|
Problem |
What is the issue and what problems can it cause? Time Creep can occur on a server or workstation that is sustaining a high throughput of activity for a sustained period of time. This causes certain key time values in a Notes database to be in the future which can lead to documents not appearing in views and folders, and can cause databases to not replicate. This issue is more prevalent on, but not limited to, multiprocessor machines with faster processors. Because of the nature of what servers and workstations are used for, this issue tends to occur mostly on servers and rarely on workstations. |
|
Solution |
The majority of conditions that would cause time creep have been addressed in Domino/Notes Release 5.0.2, with additional fixes in 5.0.11 and the upcoming 5.0.12 scheduled for release in Q1-2003.
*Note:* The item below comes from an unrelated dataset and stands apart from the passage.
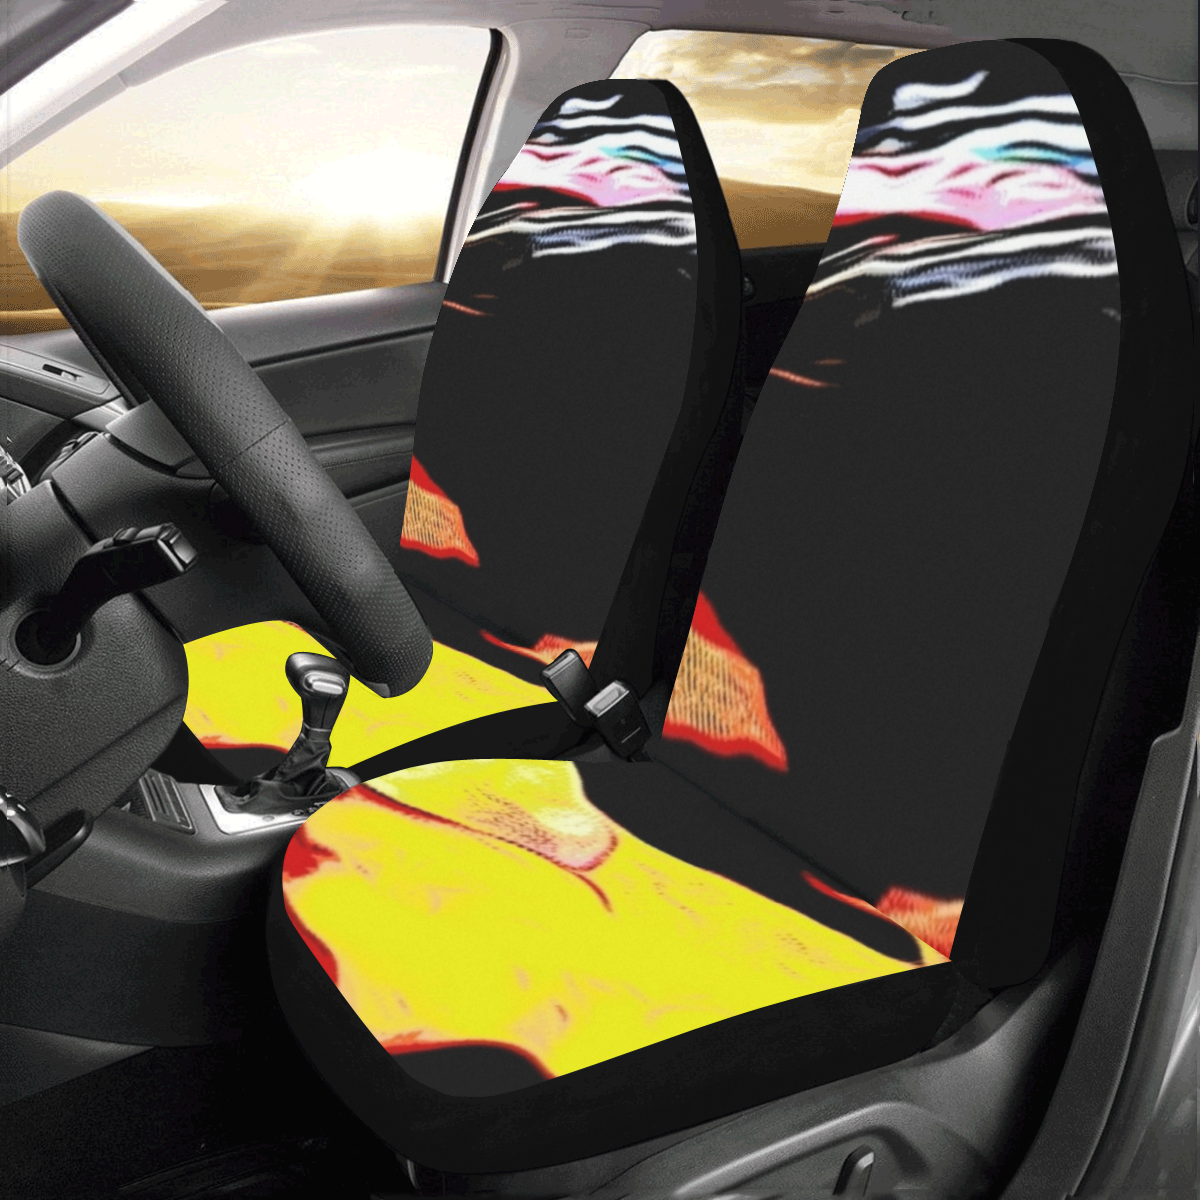 Planting Seeds Car Seat Covers (Set of 2)

Why does this occur? There is a need in the product to generate Unique Time Values for things such as Replica ID's and document UNID's. To implement this unique time/date, a function was created that would increment a time value if the current time returned is not unique. The granularity of time in the Notes products is 1/100th of a second. Therefore this unique time value would be increased by 1 tick when it is not unique. 1 tick=1/100th of a second=10 milliseconds. As the product progressed, many different areas of the product were written to call upon the same code for their own unique calculations. We also dramatically improved the throughput for many operations throughout the product, most notably view rebuild/updates and replication speed. This coupled with the dramatic advances in processor speed at a rate much higher than anyone predicted, have exposed this as a major limitation.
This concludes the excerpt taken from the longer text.